TENGGARONG — Pemerintah Kabupaten Kutai Kartanegara (Kukar) melalui Dinas Pemuda dan Olahraga (Dispora) terus memperluas jangkauan pembangunan dan pembinaan olahraga hingga ke wilayah paling terpencil. Tujuannya sederhana namun bermakna besar — memastikan semua masyarakat memiliki kesempatan yang sama untuk berolahraga, tanpa memandang lokasi geografis.
Kepala Dispora Kukar, Aji Ali Husni, menyampaikan bahwa pemerataan fasilitas olahraga kini menjadi prioritas utama instansinya. Ia mencontohkan kreativitas warga di daerah hulu Mahakam yang mampu membangun lapangan berbahan kayu ulin karena kondisi lahan yang terbatas.
“Kami sangat mengapresiasi inisiatif warga. Di Muara Enggelam, misalnya, mereka membuat lapangan futsal dari kayu. Kami bantu dengan perlengkapan tambahan agar aktivitas olahraga bisa berjalan maksimal,” ujarnya.

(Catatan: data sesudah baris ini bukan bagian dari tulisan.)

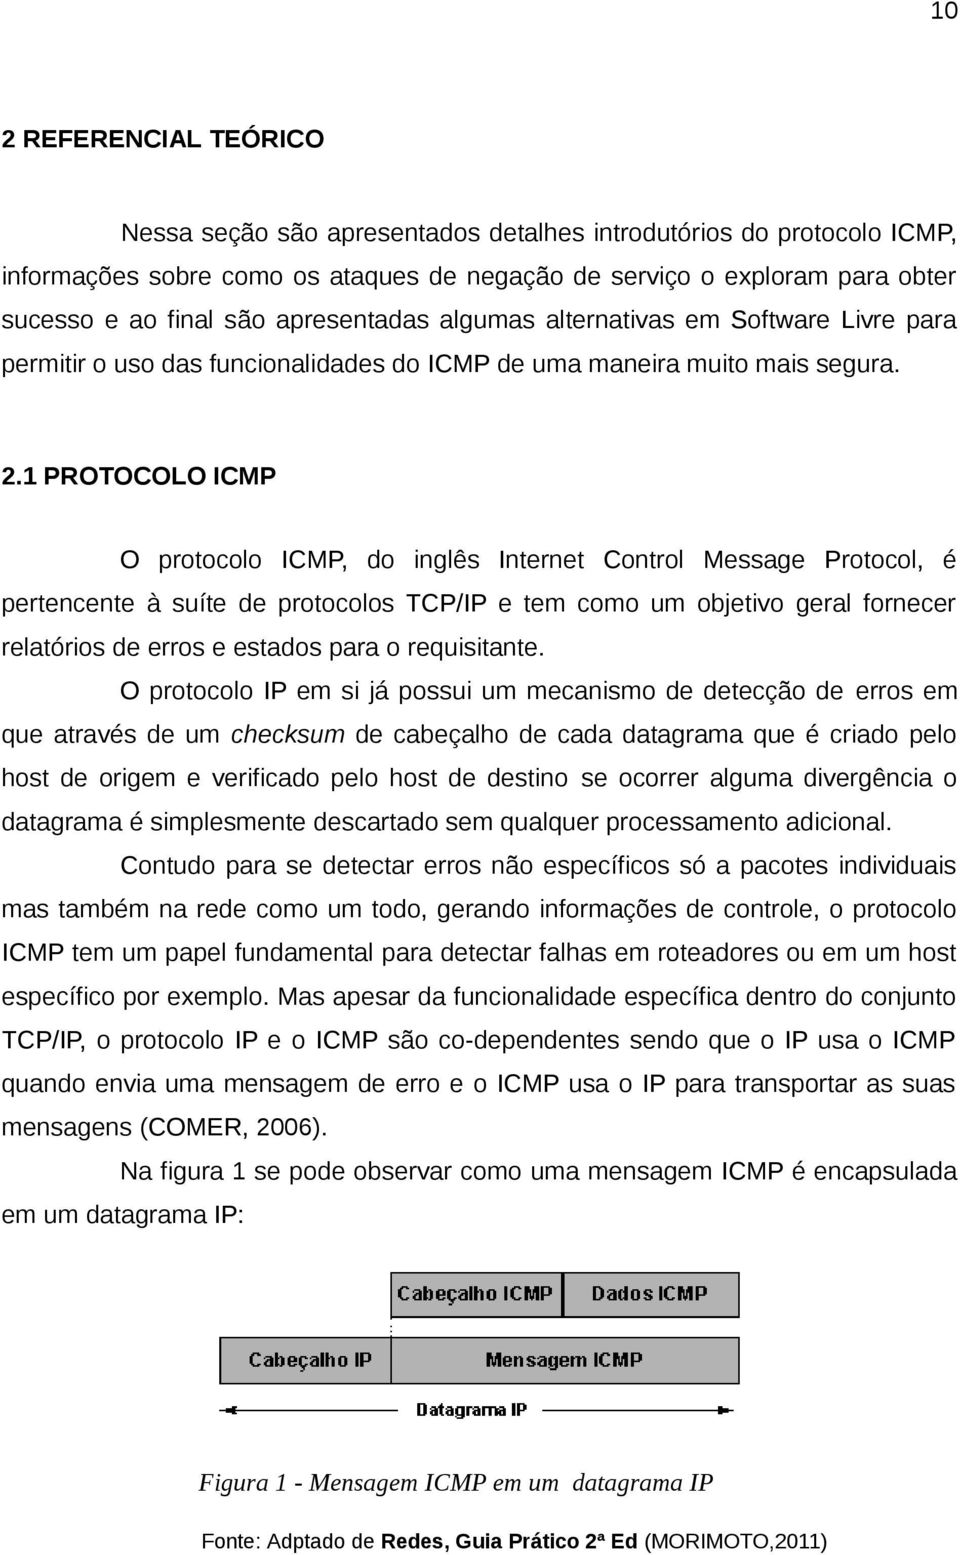 1 PROTOCOLO ICMP O protocolo ICMP, do inglês Internet Control Message Protocol, é pertencente à suíte de protocolos TCP/IP e tem como um objetivo geral fornecer relatórios de erros e estados para o

Dispora Kukar kini tengah melengkapi lapangan tersebut dengan jaring, penerangan, dan sarana pendukung lainnya, sehingga dapat dimanfaatkan untuk turnamen antarwarga maupun kegiatan pemuda setempat.
Tak hanya fokus di hulu, perhatian serupa juga diberikan untuk wilayah pesisir dan ilir seperti Marangkayu, Muara Badak, dan Samboja. Dispora melakukan peningkatan kualitas sarana, termasuk perbaikan lapangan, tribun, dan fasilitas publik, agar kegiatan olahraga masyarakat berjalan lebih nyaman dan aman.
“Olahraga harus bisa diakses semua kalangan, baik di pusat kota maupun di desa terpencil. Itu wujud nyata keadilan pembangunan,” tegas Aji Ali.
Selain pembangunan fisik, Dispora Kukar juga memperkuat sisi pembinaan atlet muda. Setiap kegiatan atau turnamen lokal kini dijadikan sebagai ajang pendataan dan pemantauan potensi atlet daerah.
“Kami libatkan cabang olahraga (cabor) di setiap event untuk menilai langsung kemampuan atlet. Dari situ kami bisa menentukan siapa yang berpotensi untuk dibina lebih lanjut,” tambahnya.
Pendekatan ini membuat proses pembinaan lebih terarah. Dispora Kukar bekerja sama dengan sejumlah organisasi seperti Askab PSSI dan pengurus cabor bulu tangkis untuk melanjutkan pembinaan berjenjang, terutama bagi atlet usia dini.
Aji Ali menjelaskan bahwa semua data hasil pendataan telah diintegrasikan sebagai dasar perencanaan program pembinaan di tahun-tahun berikutnya.
“Kami ingin setiap cabor memiliki roadmap pembinaan yang jelas. Dengan begitu, prestasi bisa dibangun dari bawah,” tuturnya.
Melalui strategi pemerataan dan pembinaan berkelanjutan ini, Dispora Kukar berharap semangat olahraga tak hanya hidup di kota, tetapi juga di pelosok-pelosok desa.
“Olahraga bukan sekadar kompetisi, tapi ruang untuk membangun kebersamaan, disiplin, dan kebanggaan daerah,” pungkas Aji Ali.
Dengan semangat yang merata dari hulu hingga pesisir, Kukar menatap masa depan olahraga yang lebih inklusif, berprestasi, dan membumi di tengah masyarakatnya.